Meta's Llama 4 Scout runs on a single consumer GPU. Here's how to set it up in 10 minutes.
Llama 4 Scout is a Mixture-of-Experts model with 109B total parameters but only 17B active at inference time. That MoE architecture is why a 109B model fits on hardware that previously maxed out at 13B dense models. At Q4 quantization, it needs ~6GB of VRAM — an RTX 3060 handles it.
This guide covers three methods: Ollama (easiest), llama.cpp (most control), and vLLM (production serving).
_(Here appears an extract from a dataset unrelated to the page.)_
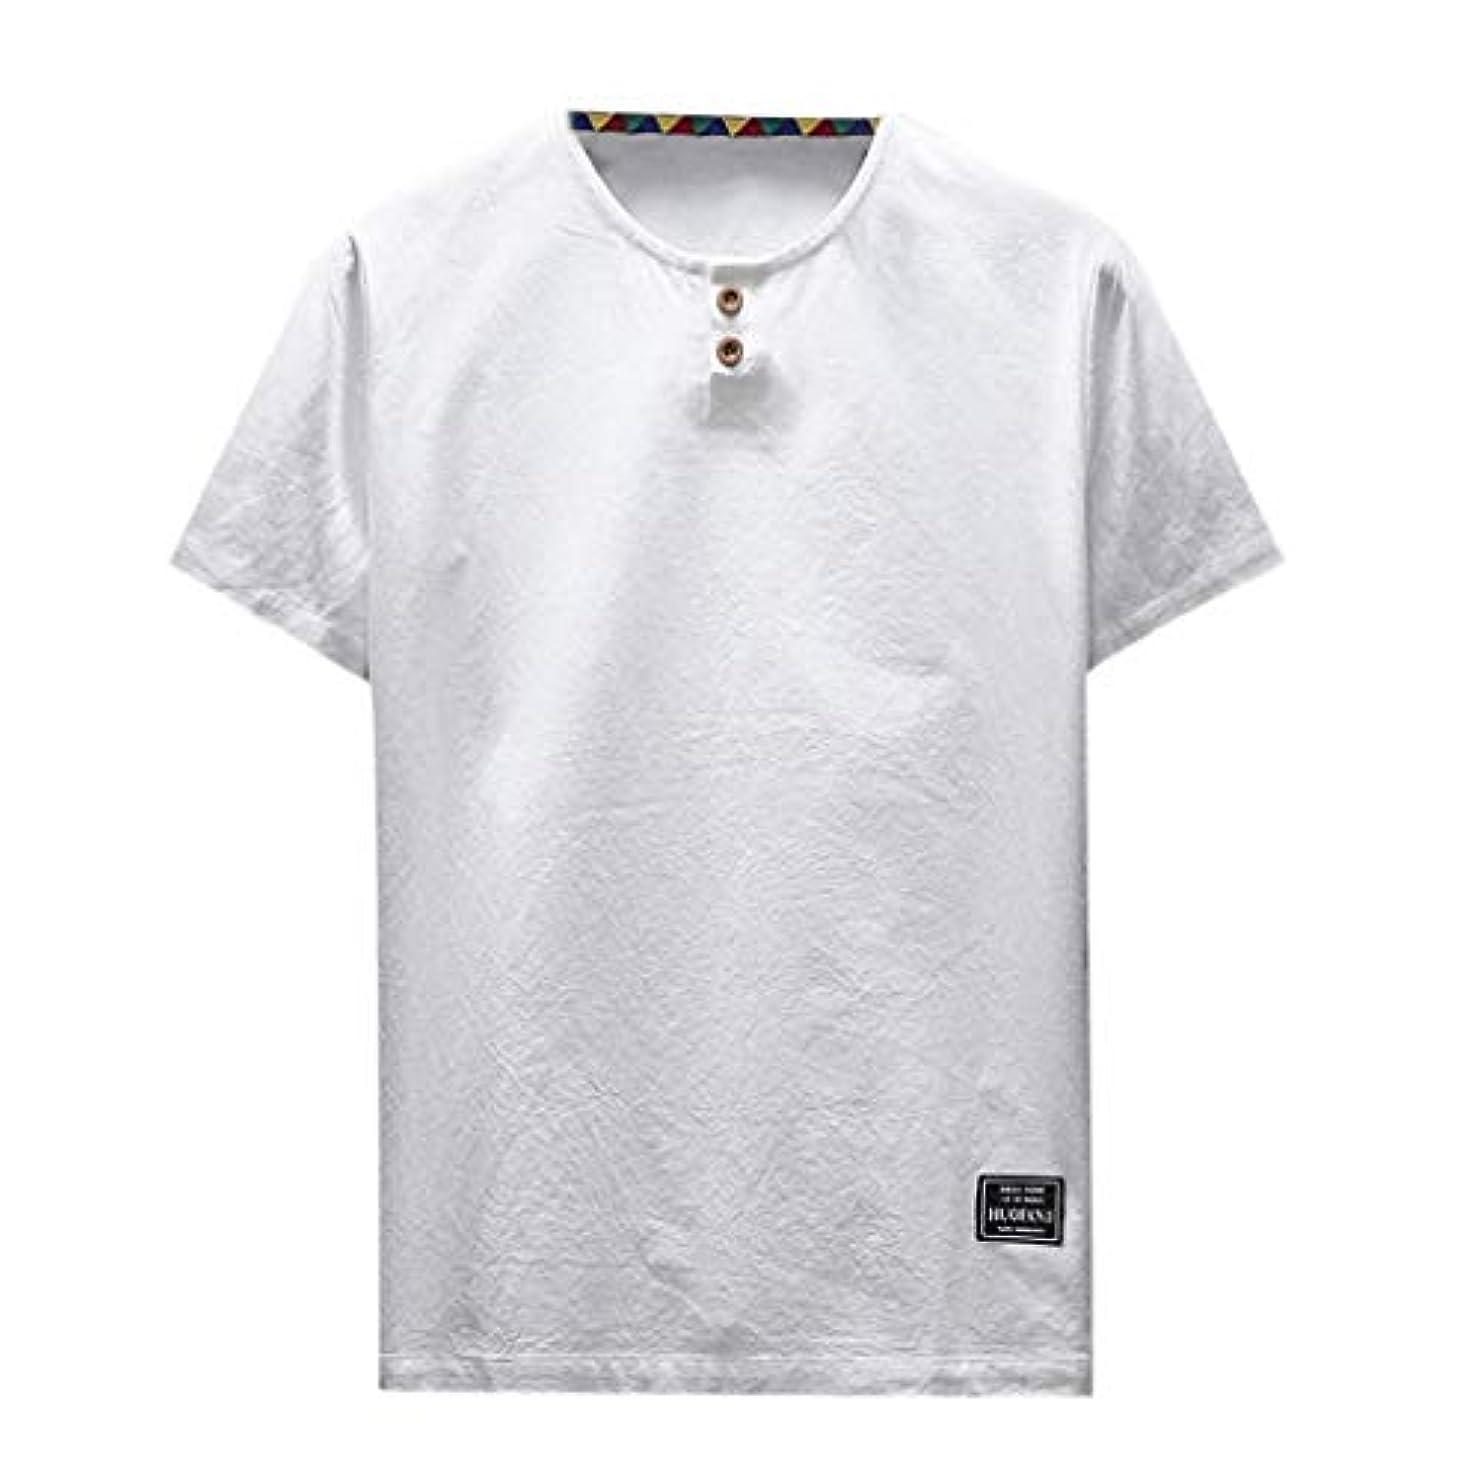 首相利点スライスOD企画 Tシャツ メンズ 半袖 シャツ メンズ tシャツ メンズ おおきいサイズ 日系 綿麻 丸首 半袖シャツ シャツ 半袖 ブラウス トップス ゆるtシャツ 春夏節対応 おしゃれ ゆったり カットソー ファッション 夏服

Pick the one that matches your use case.
VRAM Requirements
Use the VRAM calculator to check your specific GPU. General requirements for Llama 4 Scout:
| Quantization | VRAM Required | Quality vs FP16 | Best For |
|---|---|---|---|
| Q4_K_M | ~6–8 GB | ~97% | Most users, RTX 3060 / RX 6700 |
| Q5_K_M | ~9–10 GB | ~98.5% | RTX 3070 / RTX 4070 |
| Q6_K | ~11–13 GB | ~99% | RTX 3080 / RTX 4080 |
| Q8_0 | ~14–16 GB | ~99.8% | RTX 3090 / RTX 4090 |
| FP16 | ~24 GB | 100% | A100, H100, dual 3090 |
Method 1 — Ollama (Recommended)
📬 Enjoying this guide?
Get these updates in your inbox every week
New VRAM data, model benchmarks, and setup guides — straight to you. Free.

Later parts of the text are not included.